Despite all of its benefits IoT also brings new/unfamiliar cybersecurity risks:
- IoT solutions can change the state of a digital environment, in addition to generating data. This variability of state requires a new view of cybersecurity.
- IoT environments consist of mostly unattended endpoints, which create easily avoidable vulnerabilities for IT infrastructures.
- Machine to machine (M2M) authentication works for newer IoT devices but does not include legacy devices, creating trust gaps between devices and gateways.
CIOs need to mitigate IoT security risks using a blended approach that includes security methods taken from mobile, cloud, industrial control, automation and physical security.

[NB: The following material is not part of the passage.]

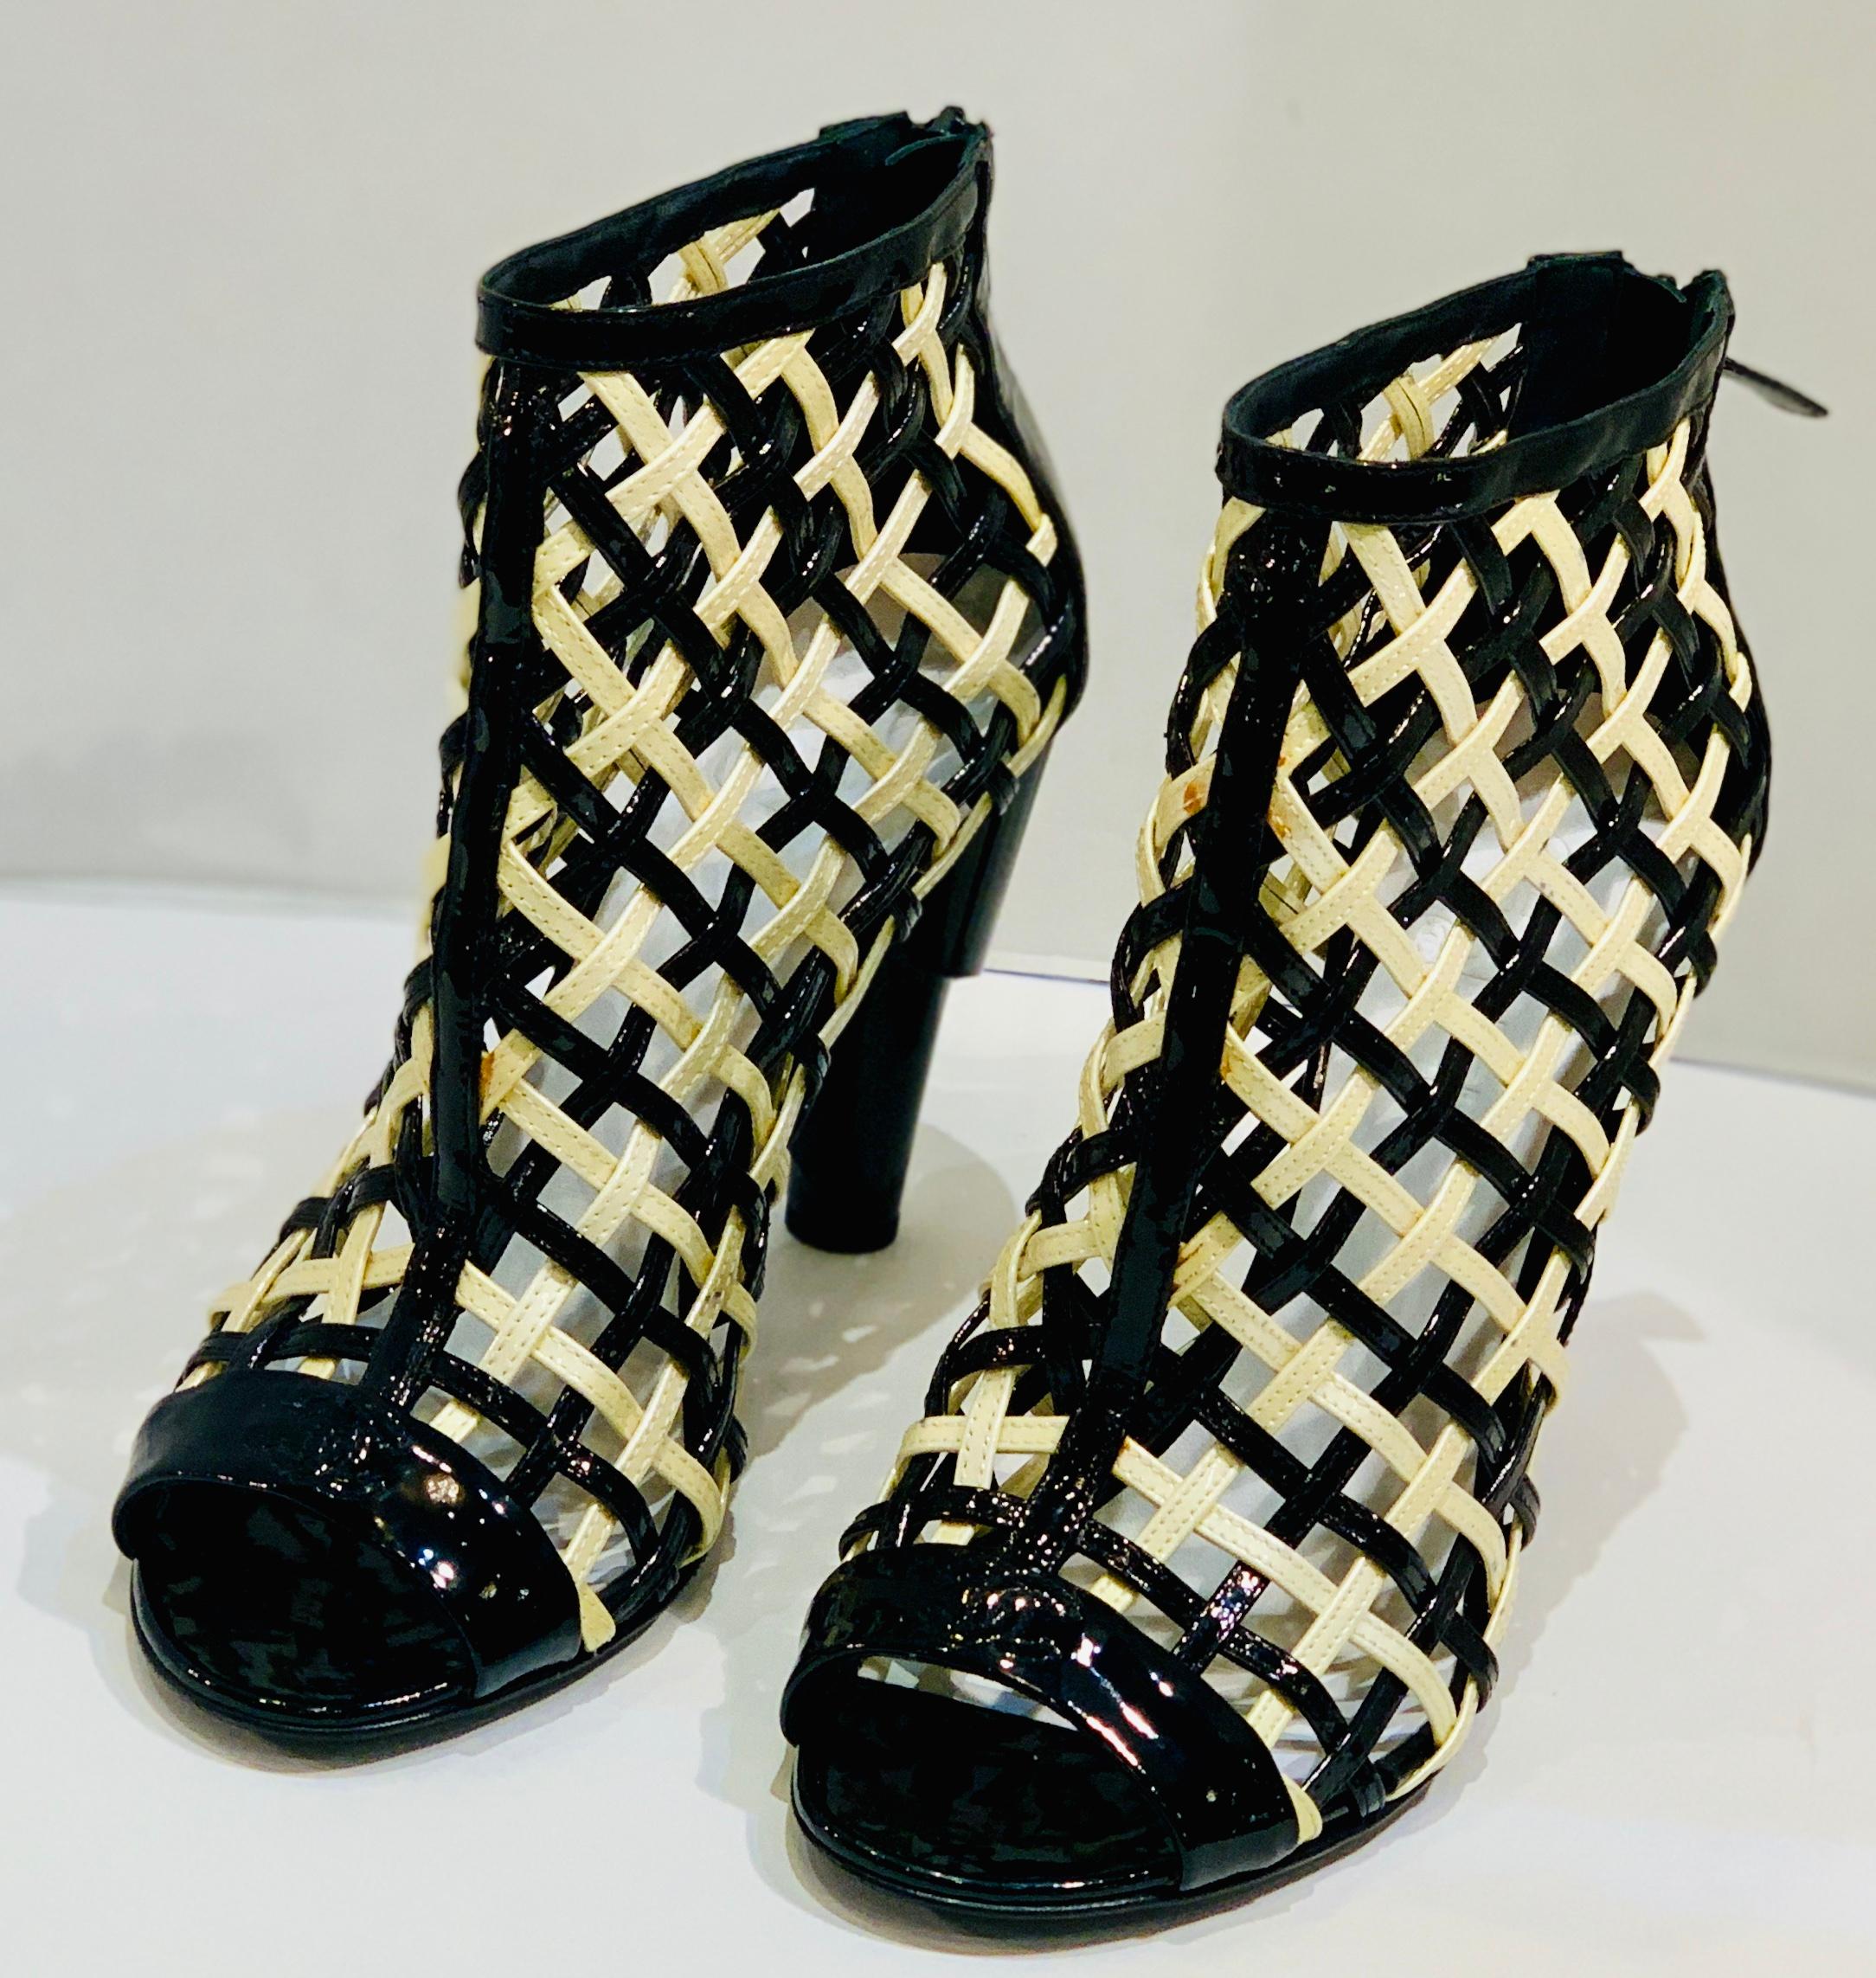 
Difficile à trouver taille 11 ou 41, Chaussures Chanel Cage Peep Toe Booties en cuir verni noir et blanc de la collection défilé printemps 2015 de la légendaire marque de luxe Chanel. Ces bottines à la pointe de la mode sont en cuir verni brillant,

To do this CIOs need to redefine device security strategy to address new types of vulnerabilities introduced by IoT infrastructures by including embedded trust, device identities/credentials and real-time visibility and control.
Following an adaptive trust paradigm in which no user or IoT device is trusted until proven otherwise, IT can take the following steps to better protect IoT infrastructure:
- Profile: Fingerprint/classify devices as they connect to the wired, wireless, or remote access networks to differentiate between device types and to detect impersonators. This must be supplemented with identity, context, and posture to deliver full protection.
- Identity: Device MAC addresses can be spoofed so identity of headless devices needs to be supplemented with strong authentication protocols (like 802.1x) and contextual data such as location, time of day, day of week, and current security posture to provide more granular role based access control.
- Posture: Device health check based on interactive interrogation of the device to determine known vulnerabilities, active ports, OS version, SNMP security, and openSSL vulnerabilities. Known good devices may be denied access if the posture is sub-standard. Posture needs to be routinely verified to ensure compliance
4. Are there differences in the way data is collected, communicated and analysed for IoT?
Originally intended to describe an ecosystem of interconnected machines, the phrase “Internet of Things” is confusing because it's so non-specific. Companies have been deploying IoT solutions for years, they just never called them IoT. Medical telemetry, Wi-Fi asset tracking, bar code scanning, wireless video surveillance, and navigational wayfinding are all examples of IoT applications. Secure connectivity for IoT includes critical-control networks, Ethernet, Wi-Fi, VPN, and RF technologies like Bluetooth Low Energy (BLE).The implementations of some, like critical control, vary by vertical market, but the others are commonly used across almost all IoT applications.
5. If analytics needs to be done, should it be in the Cloud or Edge?
In latency-sensitive IoT deployments like manufacturing lines data need to be collected and processed deterministically in real-time. In other applications, like meter reading, data can be aggregated and forwarded in batches.
Real-time processing requirements vary, but the trend is to bring big data analytics applications to the edge of the IoT network. To do that you need data center-grade compute and storage that is ruggedly packaged and with remotely accessible diagnostics. To meet compliance, governance, and/or privacy guidelines the IoT data need to be isolated from the remote access connection with no backdoor. Additional security features should include a known trusted BIOS and a secure boot feature that prevents malware from corrupting the operating system or drivers.